Moving XG within Azure

By 18 September, 2018 Azure, Sophos XG

While there are many technicalities to take into consideration when moving an XG virtual appliance from one tenant to another in Microsoft Azure, it is important not to forget an essential issue to insure a post migration continuous working environment.

First, let’s take into consideration the following facts:

  1. The XG uses standard SKU Public IPs that cannot be move between accounts (https://docs.microsoft.com/en-us/azure/azure-resource-manager/resource-group-move-resources#pip-limitations)
  2. You cannot move a VM with a plan on it (Like the BYOL licensing for XG)

There are a few other reasons why moving an appliance might fail, but these are the most common ones along with using managed disks.

These situations require a rollback to the previous tenant because connectivity to the appliance fails after it is moved.

Here, we are going to examine the log messages from Azure related to a crash right after reboot:

FIRMWARE LOADER

Starting 17_0_8_209.

Warning: Detected Disk [/dev/hda] [size:8388608]

Warning: Detected Disk [/dev/hdb] [size:209715200]

Warning: Detected Disk [/dev/sda] [size:8388608]

Warning: Detected Disk [/dev/sdb] [size:209715200]

Warning: Detected Disk [/dev/sdc] [size:167772160]

Warning: using primary disk [/dev/sda] , auxiliary disk : [/dev/sdc]

Loading configuration

Performing automated file system integrity checks. It will take some time before your system is available.

Examining Config partition…..

Examining Signature partition…..

Examining Report partition…..

 

### System Detail ###

 

Number of cores:                4

Total RAM:                      6976 MB

Total Number of interfaces:     2

Total Primary Disk:             8 GB

Total Auxiliary Disk:           80 GB

 

#####################

 

mkdir: can’t create directory ‘/sdisk/conan_new’: File exists

Password: 2018/09/03 10:00:28.xxxxx INFO Azure Linux Agent Version:2.1.3

2018/09/03 10:00:29.216731 INFO OS: sfos 17

2018/09/03 10:00:29.219252 INFO Python: 3.5.1

2018/09/03 10:00:29.219510 INFO Run daemon

2018/09/03 10:00:29.220392 INFO Detect protocol endpoints

2018/09/03 10:00:29.221389 INFO WireServer endpoint is not found. Rerun dhcp handler

2018/09/03 10:00:29.221491 INFO Send dhcp request

2018/09/03 10:00:29.329677 INFO Configure routes

2018/09/03 10:00:29.343346 INFO Gateway:xxx.xxx.xxx.xxx

2018/09/03 10:00:29.359037 INFO Routes:None

2018/09/03 10:00:29.373068 INFO Request to install route: 0 0 xxx.xxx.xxx.xxx

2018/09/03 10:00:29.385071 INFO Wire server endpoint:xxx.xxx.xxx.xxx

2018/09/03 10:00:29.615998 INFO Fabric preferred wire protocol version:2015-04-05

2018/09/03 10:00:29.637200 INFO Wire protocol version:2012-11-30

2018/09/03 10:00:29.658134 WARNING Server prefered version:2015-04-05

2018/09/03 10:00:34.667711 INFO Start env monitor service.

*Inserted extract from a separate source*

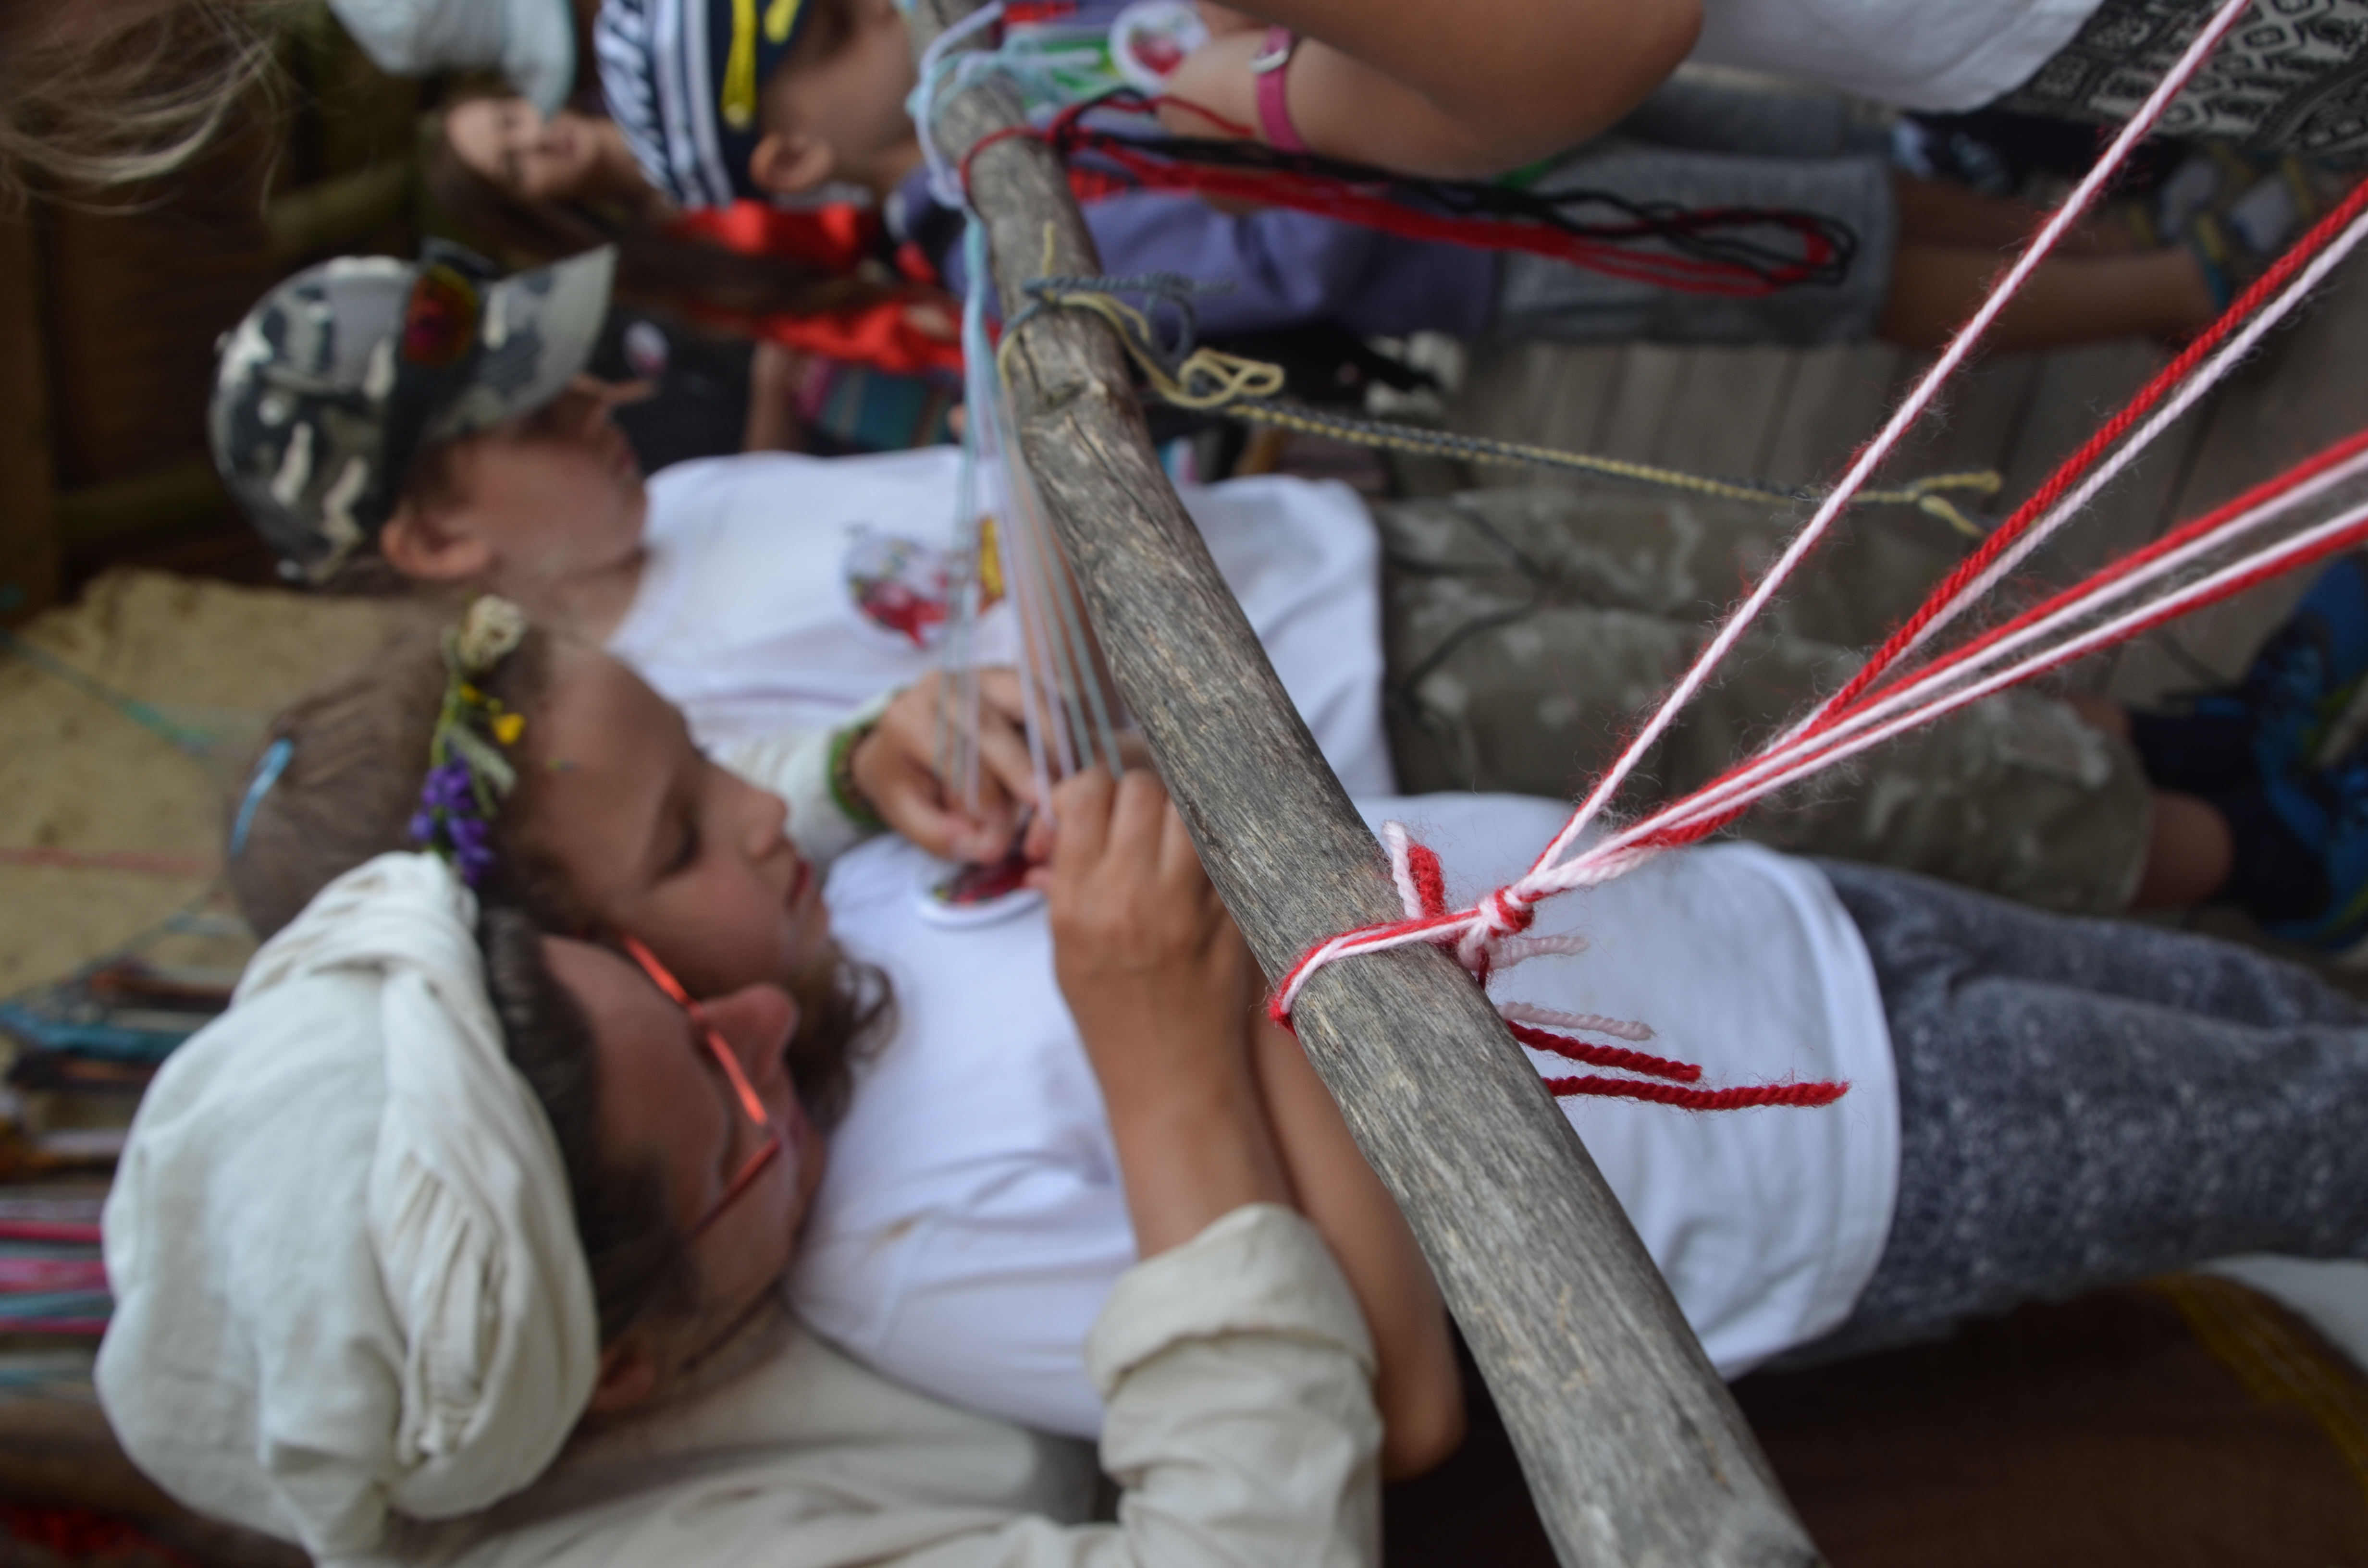 Piknik ˝Bliżej Natury - Bliżej siebie˝ wOsadzie Średniowiecznej wHucie Szklanej

2018/09/03 10:00:34.668910 INFO Configure routes

2018/09/03 10:00:34.669032 INFO Gateway:xxx.xxx.xxx.xxx

2018/09/03 10:00:34.669906 INFO Routes:None

2018/09/03 10:00:34.670010 INFO Request to install route: 0 0 xxx.xxx.xxx.xxx

2018/09/03 10:00:34.687595 ERROR run cmd ‘pidof udhcpc’ failed

2018/09/03 10:00:34.688913 ERROR Error Code:1

The information given is that the DHCP from Azure is not able to deliver an IP when it is expected to do so (point #3 above). Usually, this is due to a static IP assigned to the WAN ‘B’ Port. Even though the address assigned might be identical to the one delivered by Azure, the communications and security infrastructure above the XG is very strict in this sense, and it expects an ‘OK received’ from the appliance. It might sound silly, but this failure enters in a continuous loop that breaks communications.

To avoid this problem altogether, it is highly recommended that you make sure your WAN port is in DHCP mode. A simple detail that might cause complex problems.

In terms of recommendations, of course, it is recommended to simply deploy a new XG machine into the new subscription and import the configuration from the older XG node.